Together in Grief

Bereaved Relatives of Murdered Israelis and Palestinians Visit New York to Plead for Peace

Though this is the group's first national tour, it's not their first trip to the U.S. Last March, they brought a symbolic display of flag-draped coffins representing 773 Palestinians and 203 Israelis who had been killed in the current intifada by that point, and set it up outside the United Nations. They also met with half a dozen members of Congress. In the short time since, those numbers have climbed to more than 1500 Palestinians and more than 500 Israelis, according to the Israeli human rights organization B'Tselem. Meanwhile, says Frankenthal, those Congress members have "done nothing at all."

That's one reason Brit Tzedek is sponsoring the tour, says Marcia Freedman, the group's president and a former member of the Israeli Knesset. "Americans hear only one voice on each side of the conflict—Hamas on one side, and the Sharon government and the settlers on the other," she explains. "The agenda of the conflict is being decided by extremists on both sides, so the more representative, and larger variety of voices who support Israeli withdrawal from the settlements and a two-state solution must be heard here."

"Sharon and Arafat are not going to do it by themselves," says Essawi, even though "people are tired and want things to change." "Israelis are suffering," she adds, and Palestinians "feel more desperate every day, and the way some are responding, going and killing people in a restaurant, is not right."

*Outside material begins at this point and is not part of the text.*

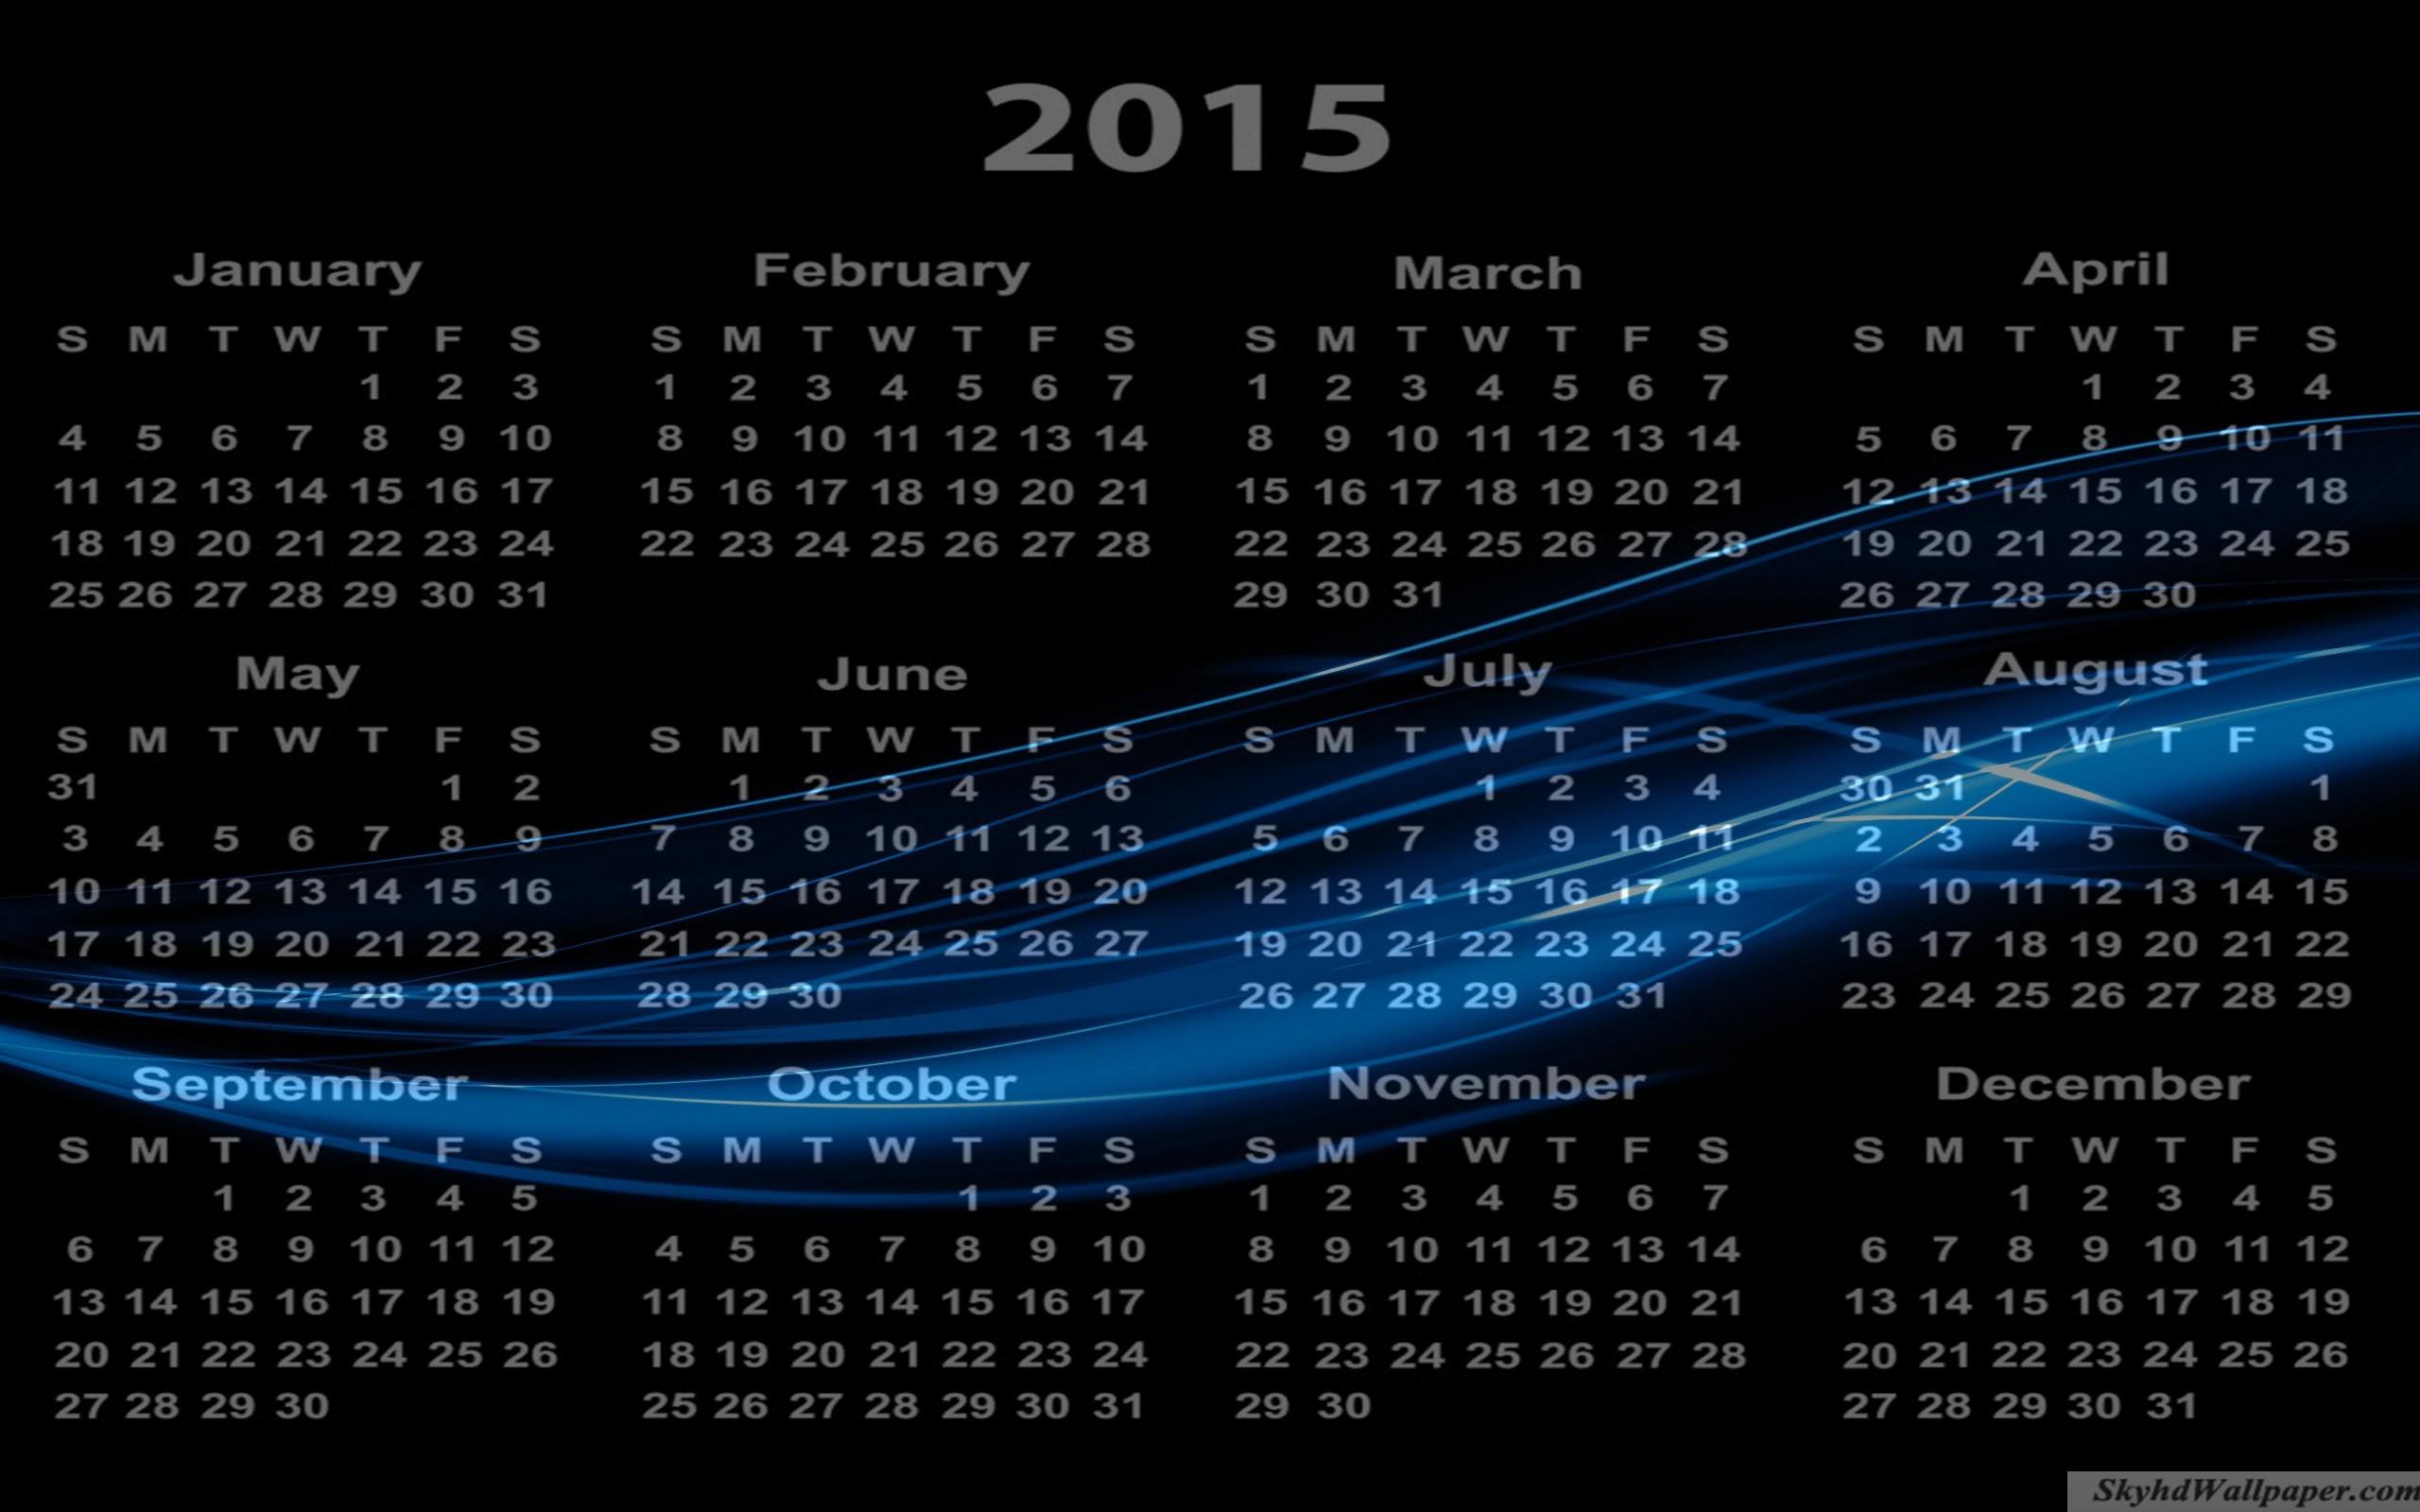 Calendario 2019 Editable Colombia Más Reciente 1000 About Calendar 2015 Kalender 2015 Free Wallpaperzen Of Calendario 2019 Editable Colombia Más Recientemente Liberado Of Calendarios 2017 Para Imprimir Rock Cafe

She and her five-year-old son, Bashir, moved back to her late mother's house outside Jerusalem soon after the intifada erupted. It's safer there than in Ramallah, where they had been living with her husband. But that means Essawi has barely seen her husband in the last two years; he doesn't have a permit from Israel to spend the night in Jerusalem. Essawi works from home most days rather than spending several hours at checkpoints to and from her Ramallah office. Besides, Bashir has become so traumatized by the guns and tear gas at the checkpoints that he cries whenever he hears they're going to the West Bank city. When Bashir was introduced to Yitzhak Frankenthal, he wondered aloud whether the Jew would kill him. "All he knows is soldiers and settlers," Essawi explains. "I told him they have good people and bad people just like us, but he was terrified to meet Yitzhak." She sighs and adds, "I just want my kid to have a normal life."

That's the simple desire shared by all members of the Families Forum, but one Amiram Goldin, for example, believes is being thwarted by his own government. "When Omri was killed, I didn't feel vengeance," he says. "My major feeling was sadness that we Israelis had not done everything we could to protect our children by bringing an end to the conflict, by making peace."

Yitzhak Frankenthal, Amiram and Tilda Godin, and Dr. Rihab Essawi will be speaking on Saturday, October 19, at 7 p.m. at the Society for the Advancement of Judaism, 15 West 86th Street.